Abstract The efficiency assessment of cantilever-based energy harvesters relies on vibrational analysis, which necessitates modifications aimed at enhancing efficiency. These modifications involve manipulating the fundamental frequency to lower values and encompassing a wider range of resonances within a specified bandwidth. Consequently, this paper introduces an original analytical-numerical exploration into the vibratory response of a cantilever with a novel boundary condition involving an elastically restrained oscillator-spring arrangement. At the beam's tip, an oscillator is elastically confined by a linear spring, resulting in a novel set of coupled governing equations and a distinct shearing boundary condition. During free vibration analysis, a previously unreported characteristic equation is derived.

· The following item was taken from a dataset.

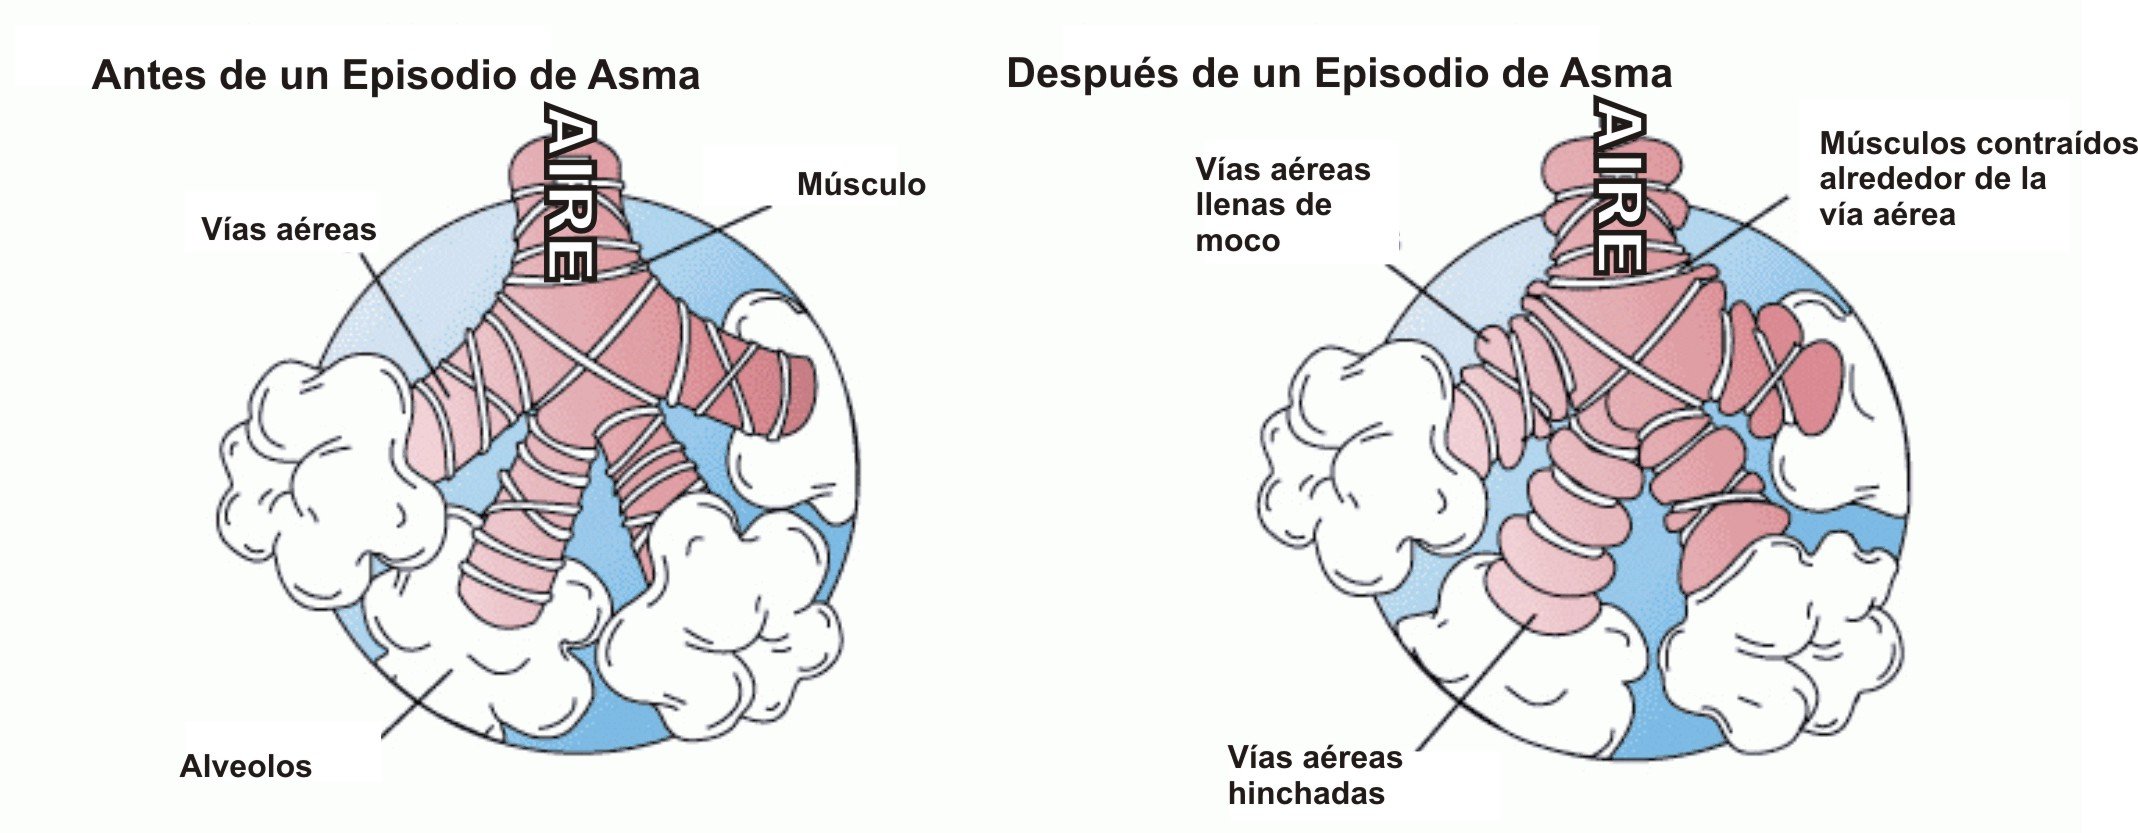 Esquema sobre el asma. | Imagen: Wikipedia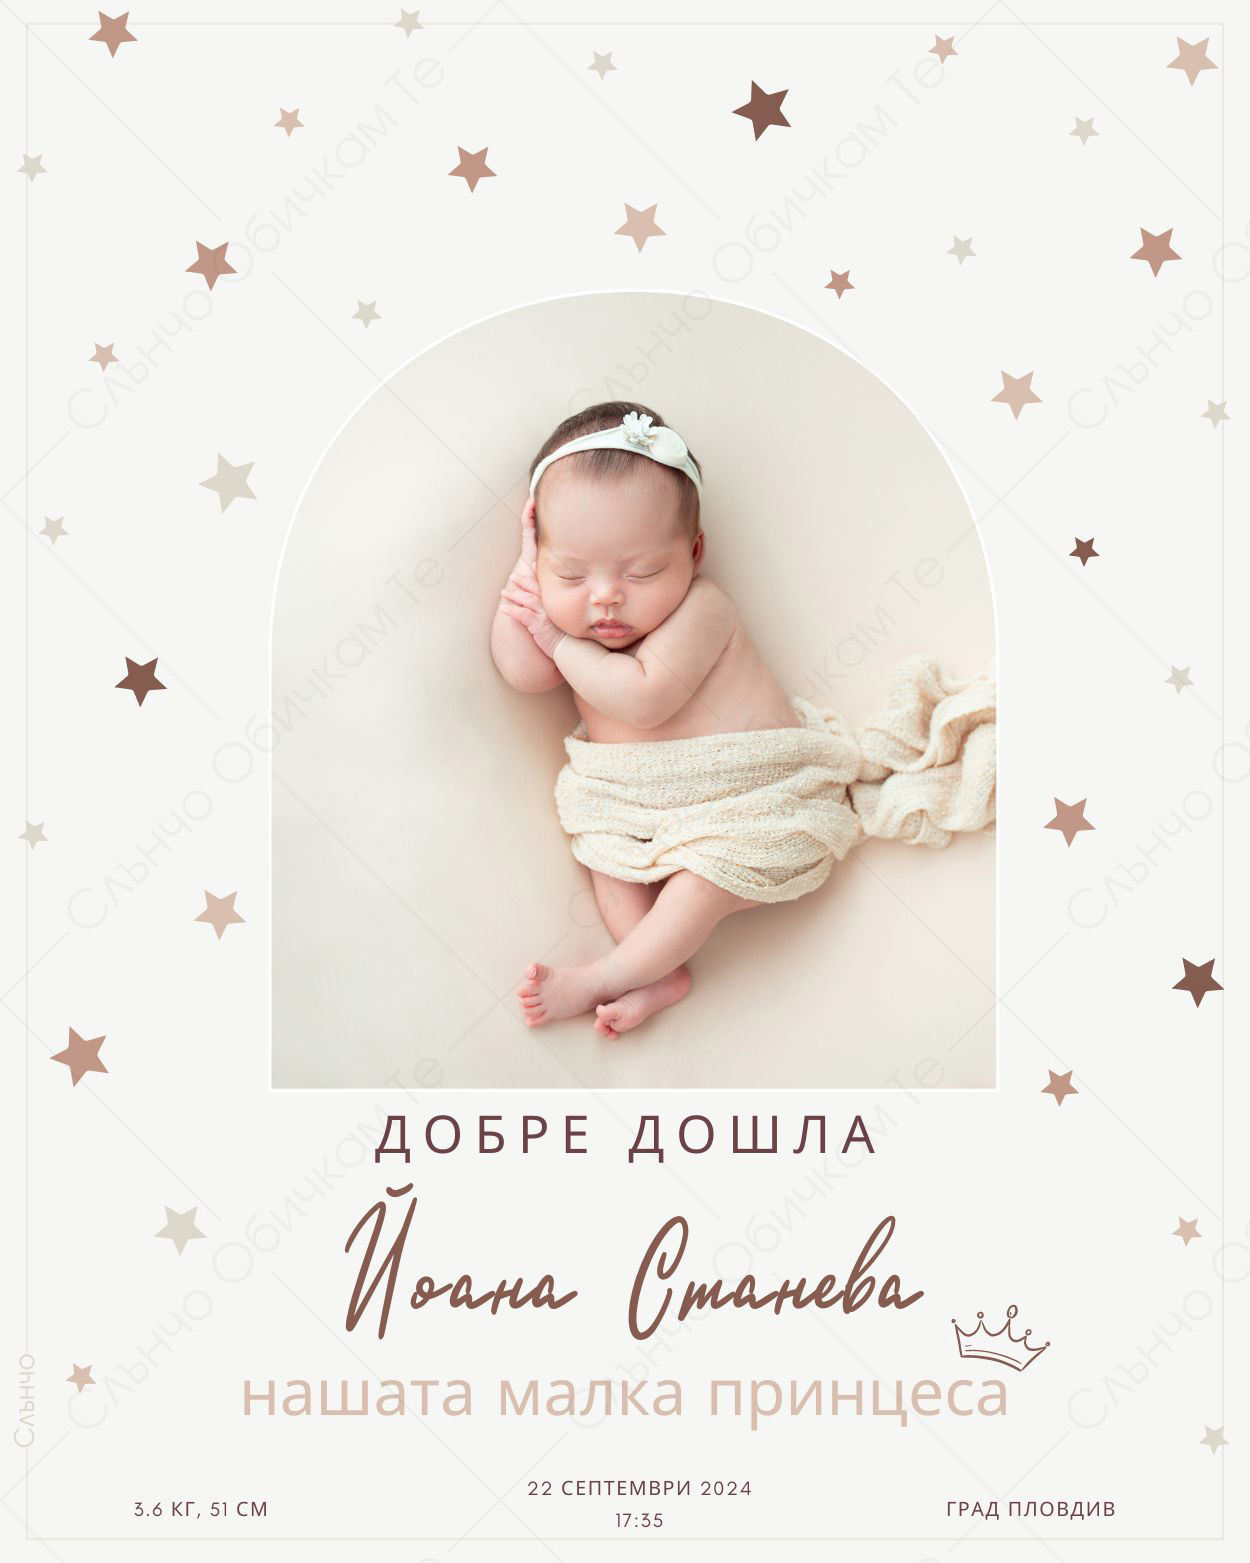 Добре дошло бебе, нашата малка принцеса – Персонализирани картички за обявяване на бебе и бременност – Магазина на Слънчо

This nonlinear transcendental equation is numerically solved utilizing root-solver algorithms, such as those available in MATLAB. Significantly, it is discovered that the inclusion of a lumped oscillator with an elastic support induces a minimal (new) natural frequency. This finding carries vital implications as the efficiency of cantilever-based energy harvesters is directly contingent upon the resonance frequency. Notably, the oscillator mass and spring constant are two parameters that directly influence the vibratory response of the beam. When employing a stiffer spring, the minimal frequency converges toward the first frequency of the cantilever system. Conversely, the presence of oscillator inertial effects leads to lower minimal frequencies. In the context of forced vibrations, harmonic base excitation is considered as the input excitation, and the mechanical frequency response function is provided. The proposed system offers two distinct advantages for energy harvester systems: the creation of minimal resonance at lower values and the potential to manipulate the system's resonance toward a desired frequency.